## Recorded information
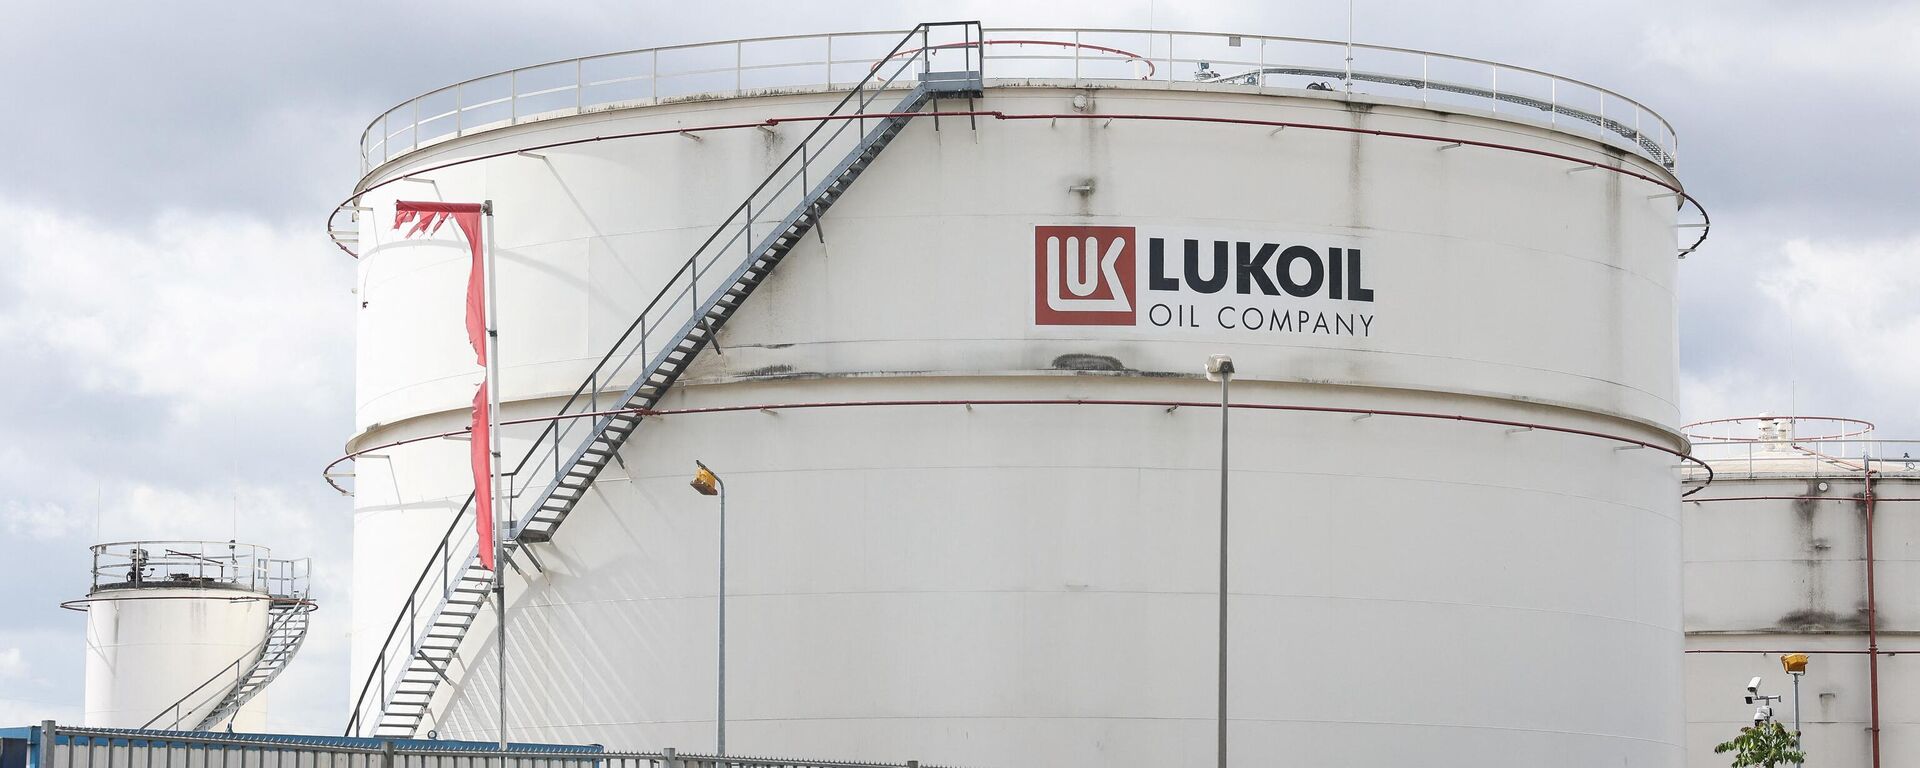 Tanques de armazenamento de combustível da empresa petrolífera russa Lukoil em Bruxelas, Bélgica, 13 de maio de 2022 - Sputnik Brasil, 1920, 19.06.2022
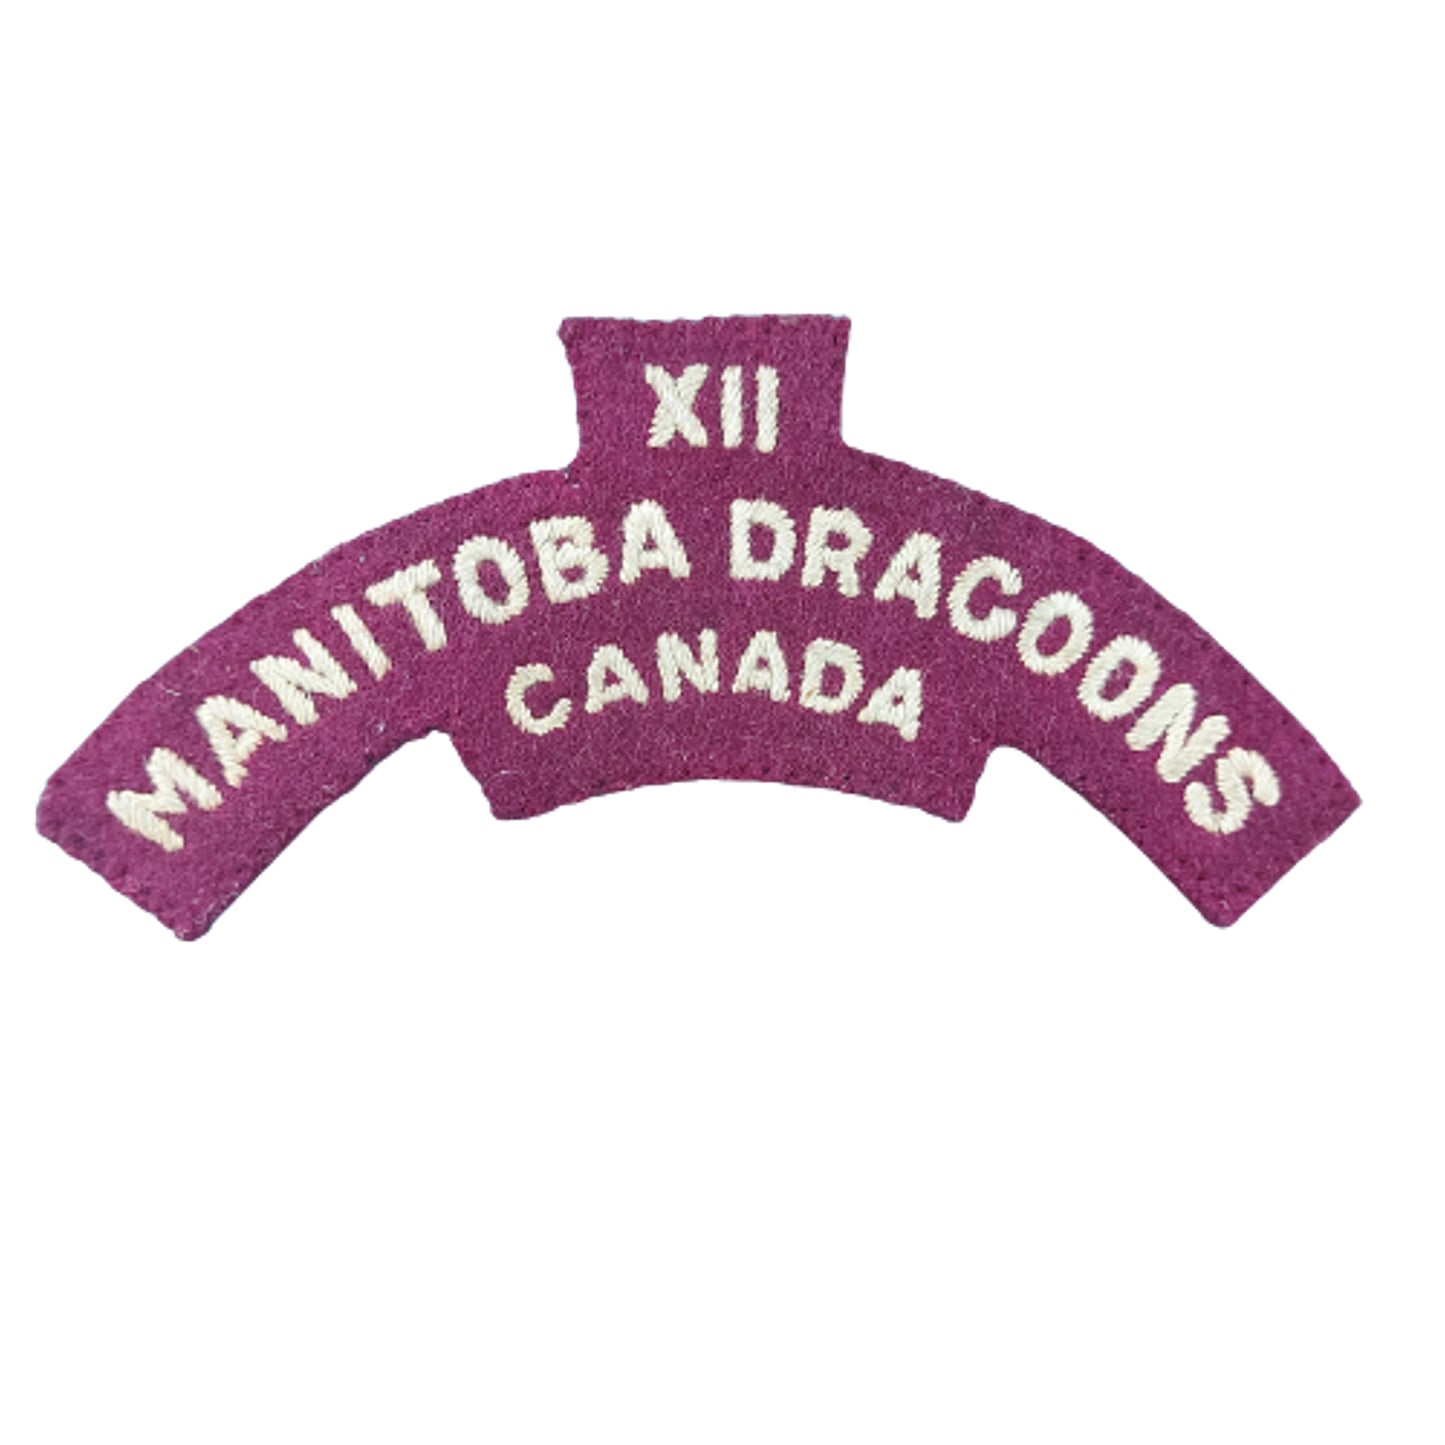 WW2 Canadian 12th Manitoba Dragoons Cloth Shoulder Title
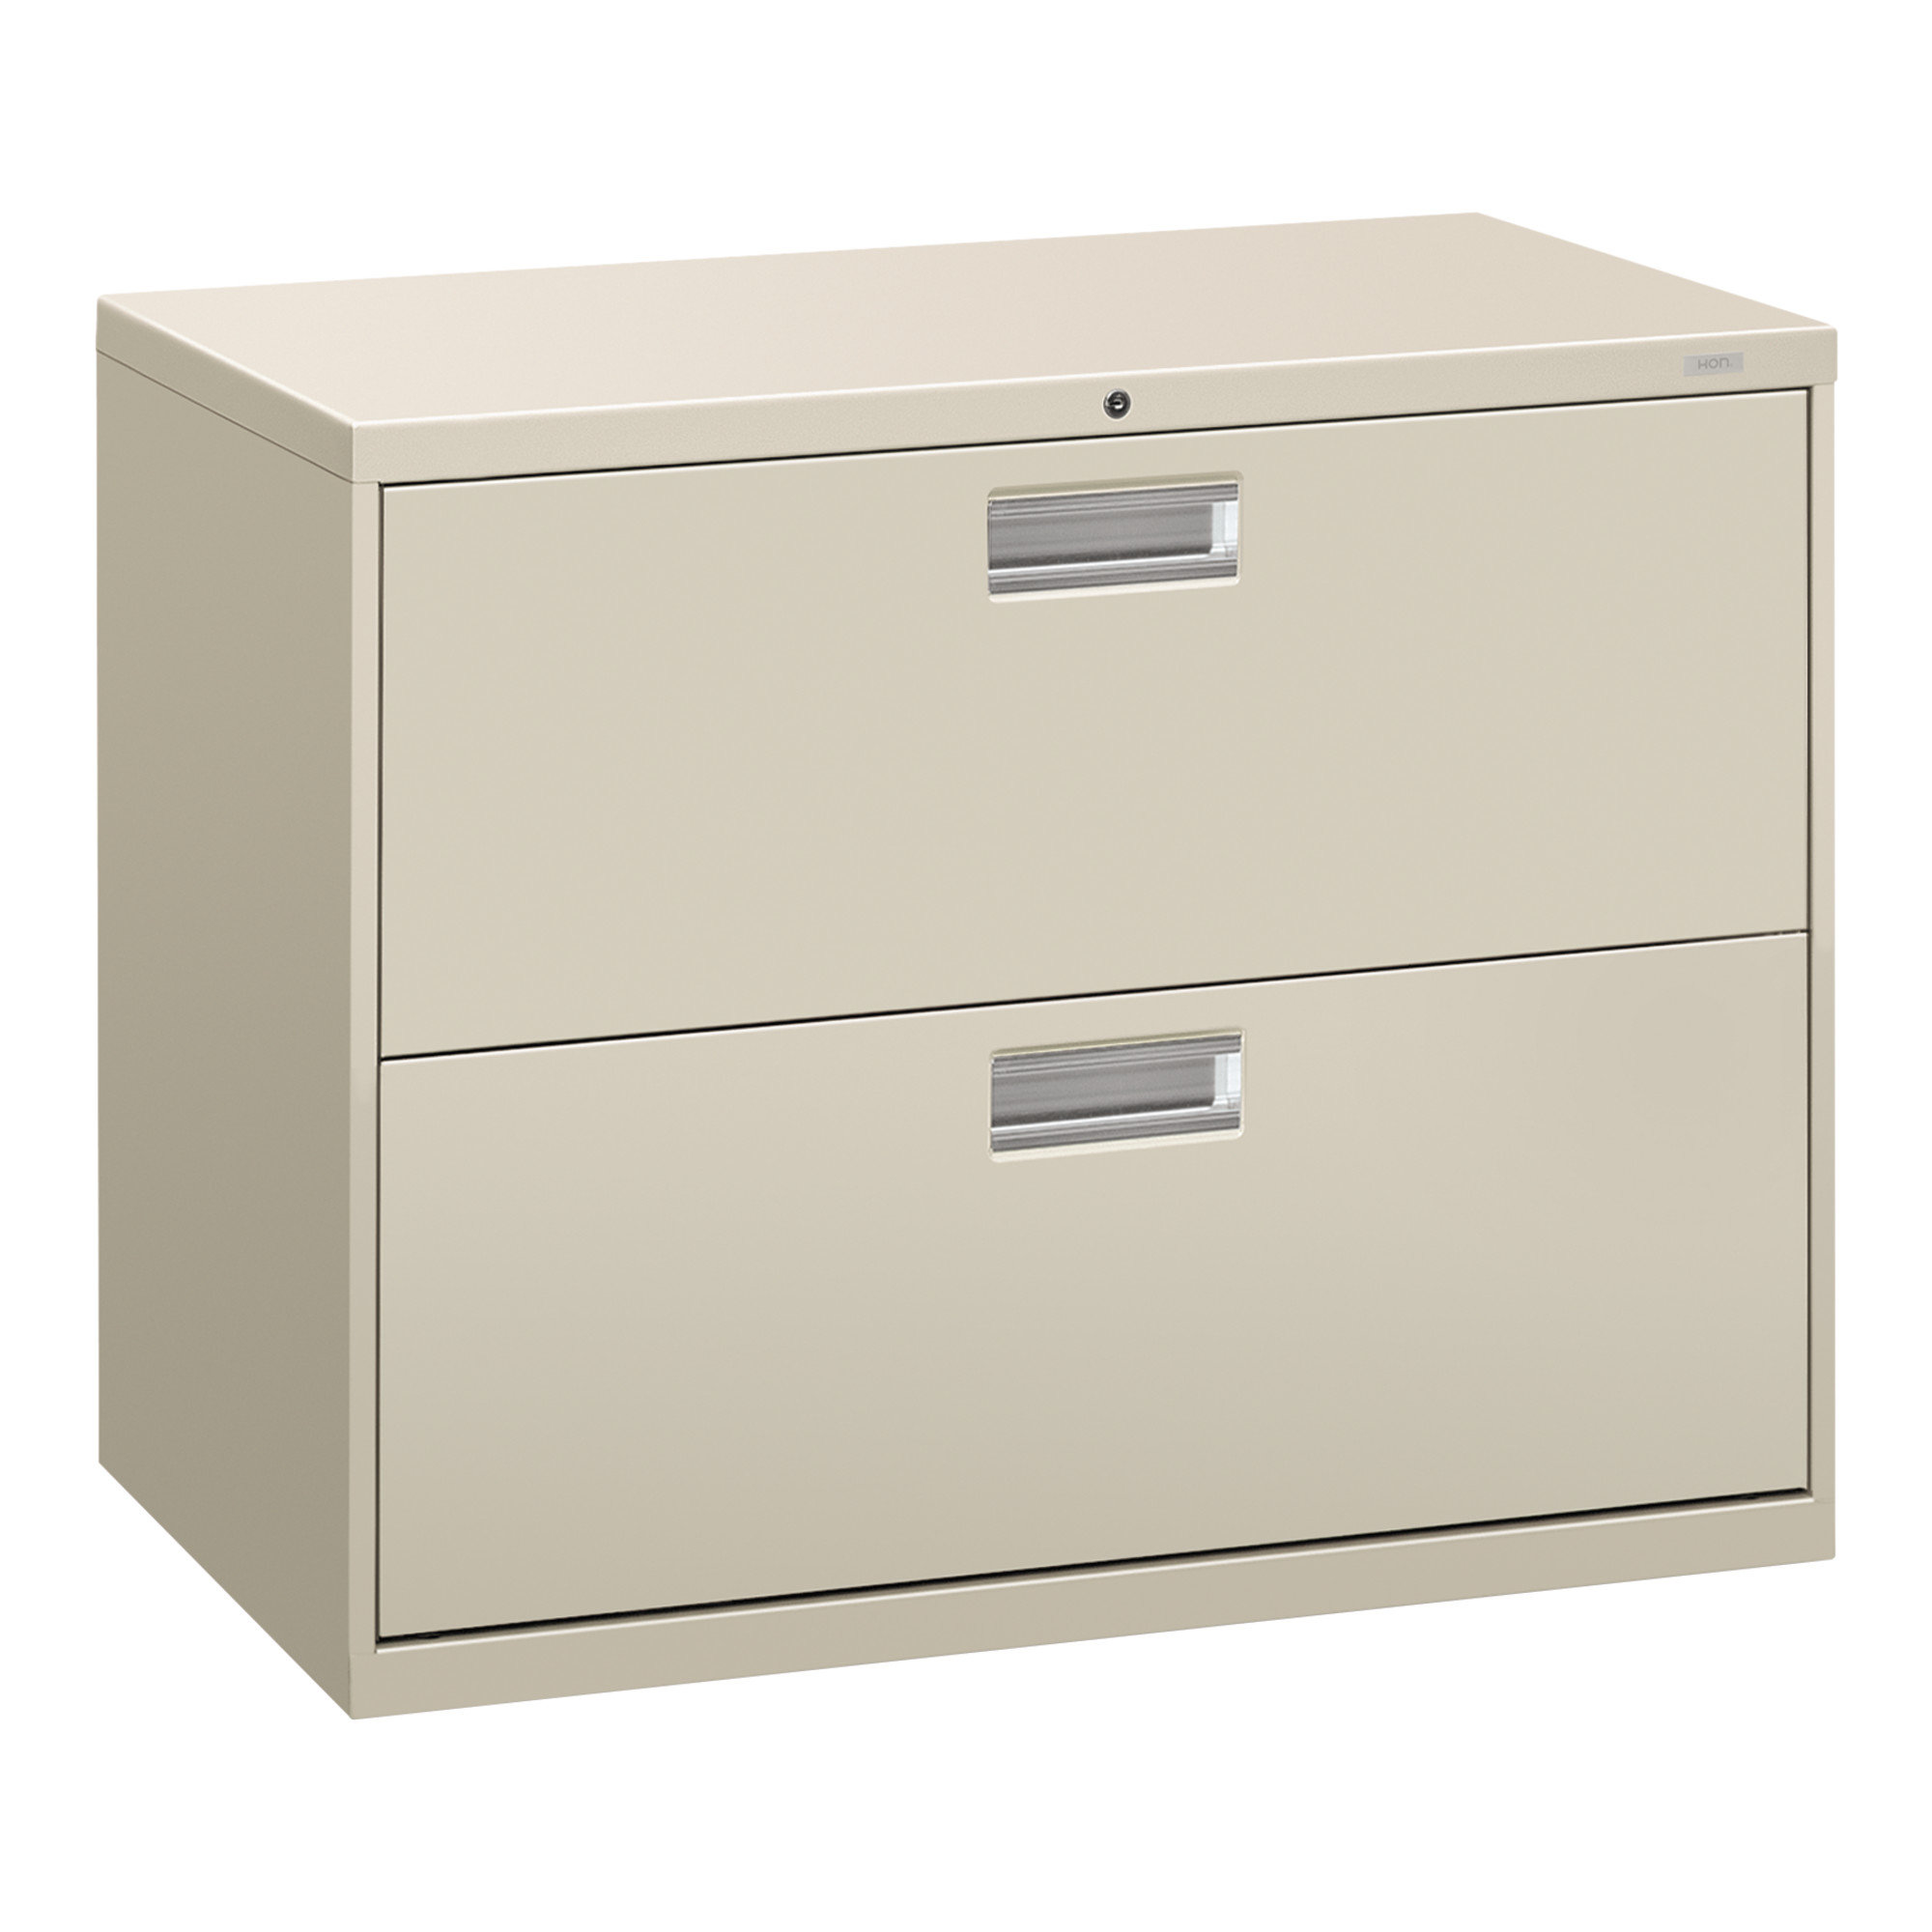 Hon 600 Series 2 Drawer Lateral Filing Cabinet Reviews Wayfair

## Work item
Transcribe the material above in full. No picture is to be copied.

## Result
 Tanques de armazenamento de combustível da empresa petrolífera russa Lukoil em Bruxelas, Bélgica, 13 de maio de 2022 - Sputnik Brasil, 1920, 19.06.2022
 WW2 Canadian 12th Manitoba Dragoons Cloth Shoulder Title
 Hon 600 Series 2 Drawer Lateral Filing Cabinet Reviews Wayfair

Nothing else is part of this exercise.